SUPPLIED INFORMATION
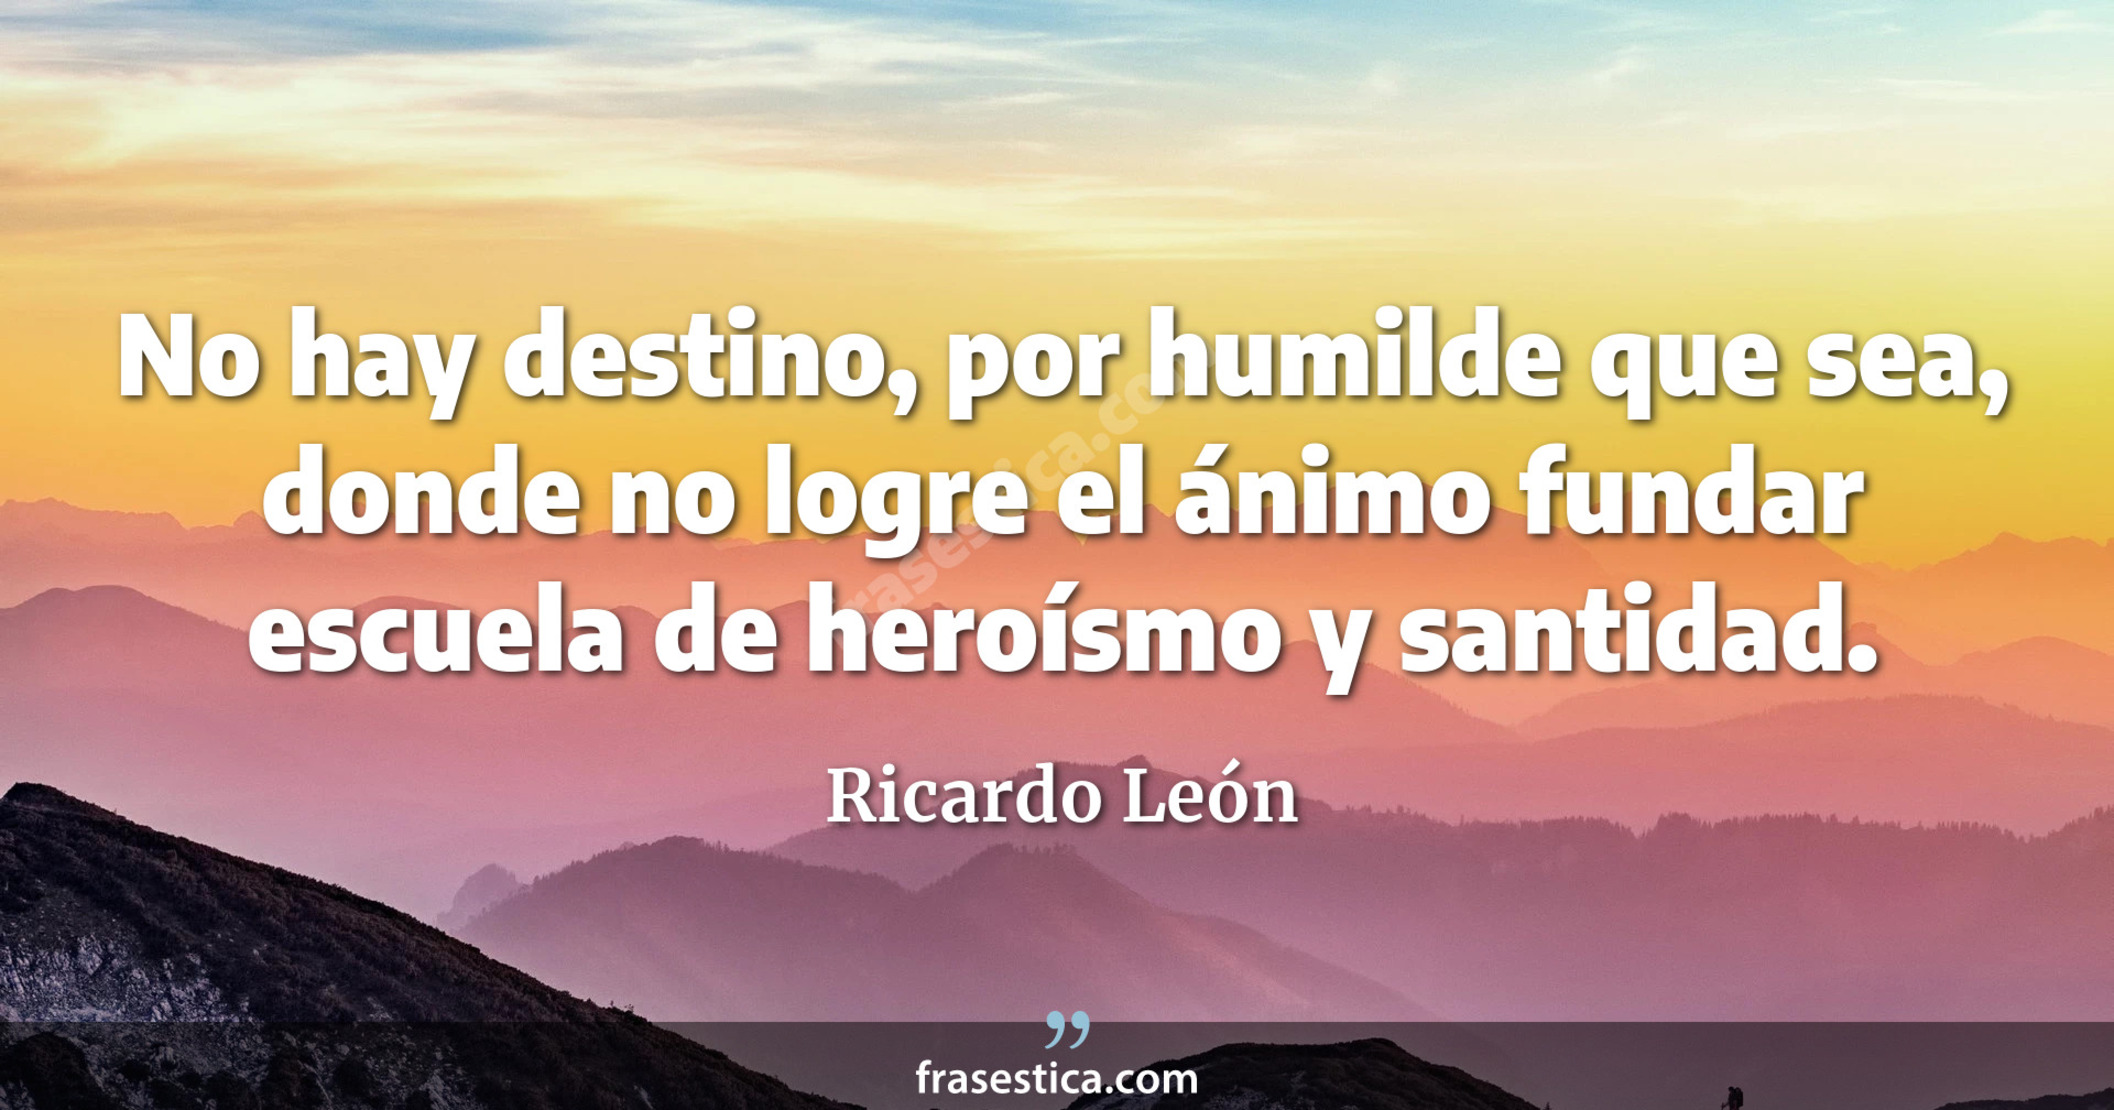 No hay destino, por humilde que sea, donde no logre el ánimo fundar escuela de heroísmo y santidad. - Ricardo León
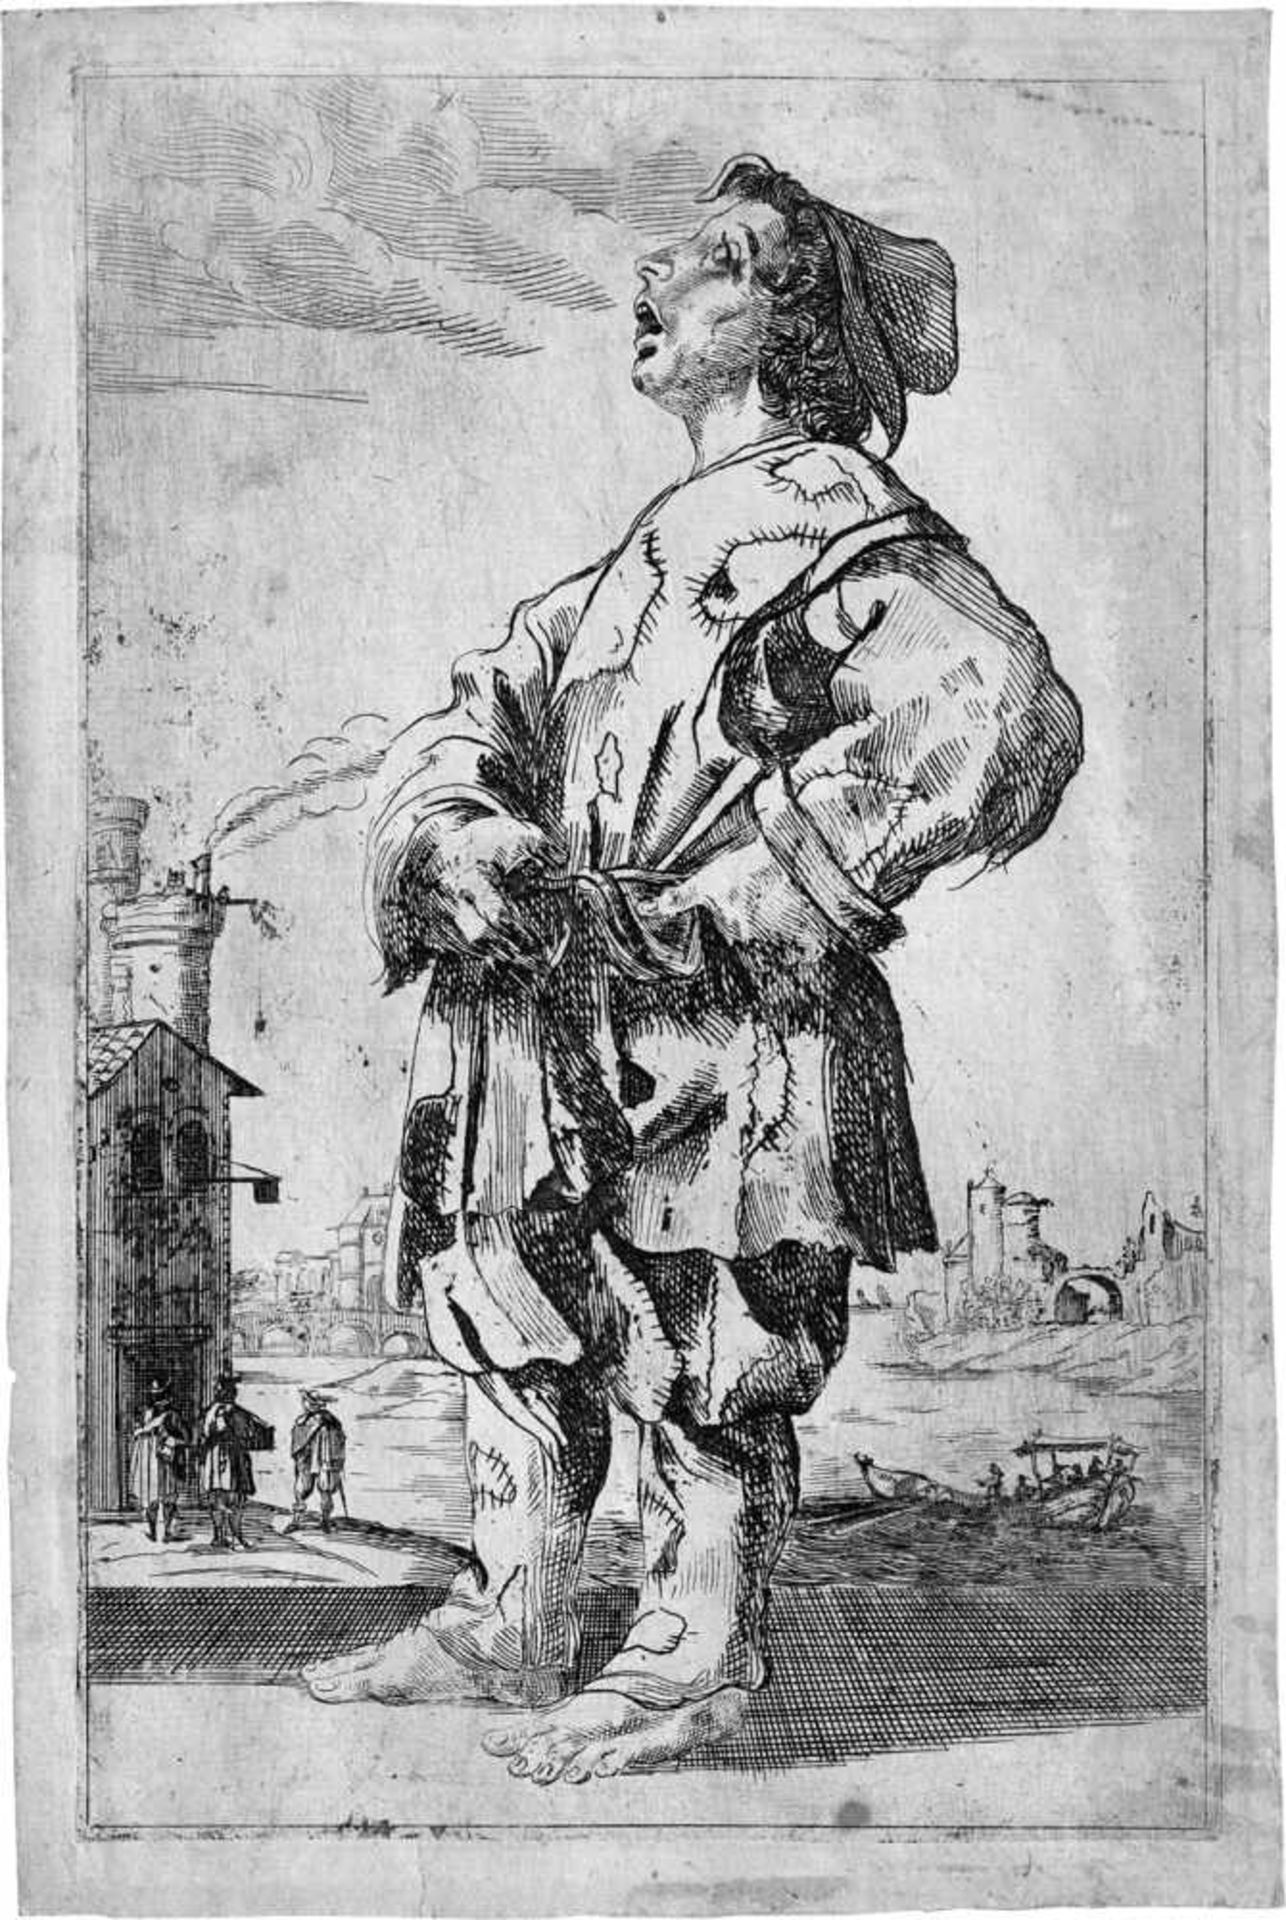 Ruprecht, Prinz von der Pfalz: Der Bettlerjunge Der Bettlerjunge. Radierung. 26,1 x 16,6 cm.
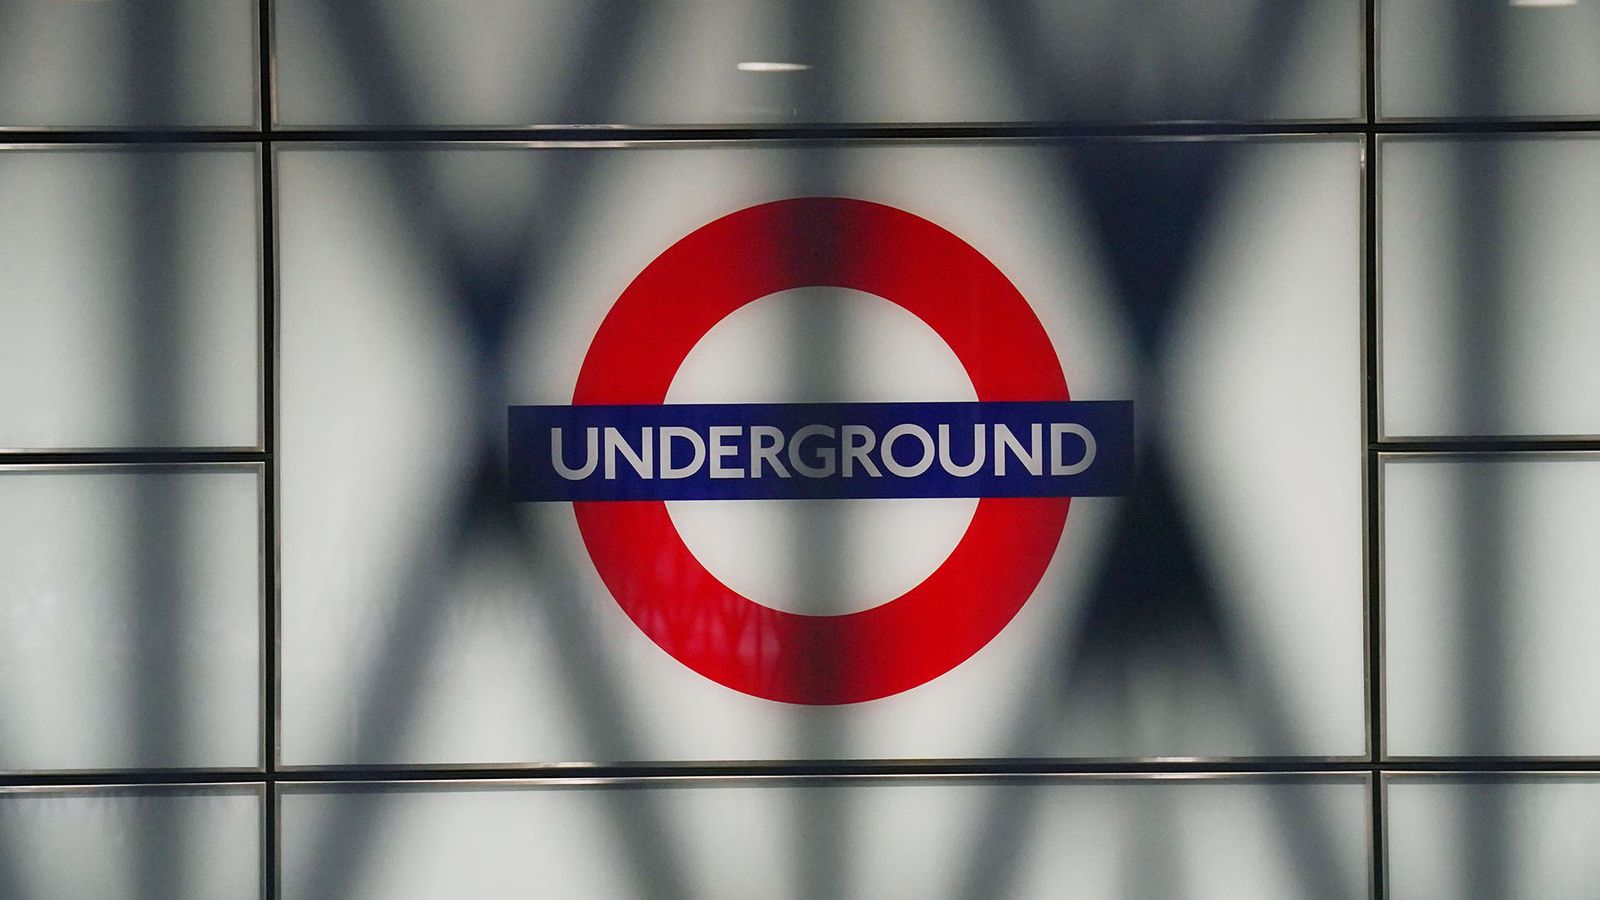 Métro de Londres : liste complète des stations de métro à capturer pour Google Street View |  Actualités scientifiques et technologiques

EXERCISE BRIEF
Where a picture appears in the listing above, skip it and set down all the rest exactly.

WRITTEN SOLUTION
 No hay destino, por humilde que sea, donde no logre el ánimo fundar escuela de heroísmo y santidad. - Ricardo León
 Ruprecht, Prinz von der Pfalz: Der Bettlerjunge Der Bettlerjunge. Radierung. 26,1 x 16,6 cm.
 Métro de Londres : liste complète des stations de métro à capturer pour Google Street View |  Actualités scientifiques et technologiques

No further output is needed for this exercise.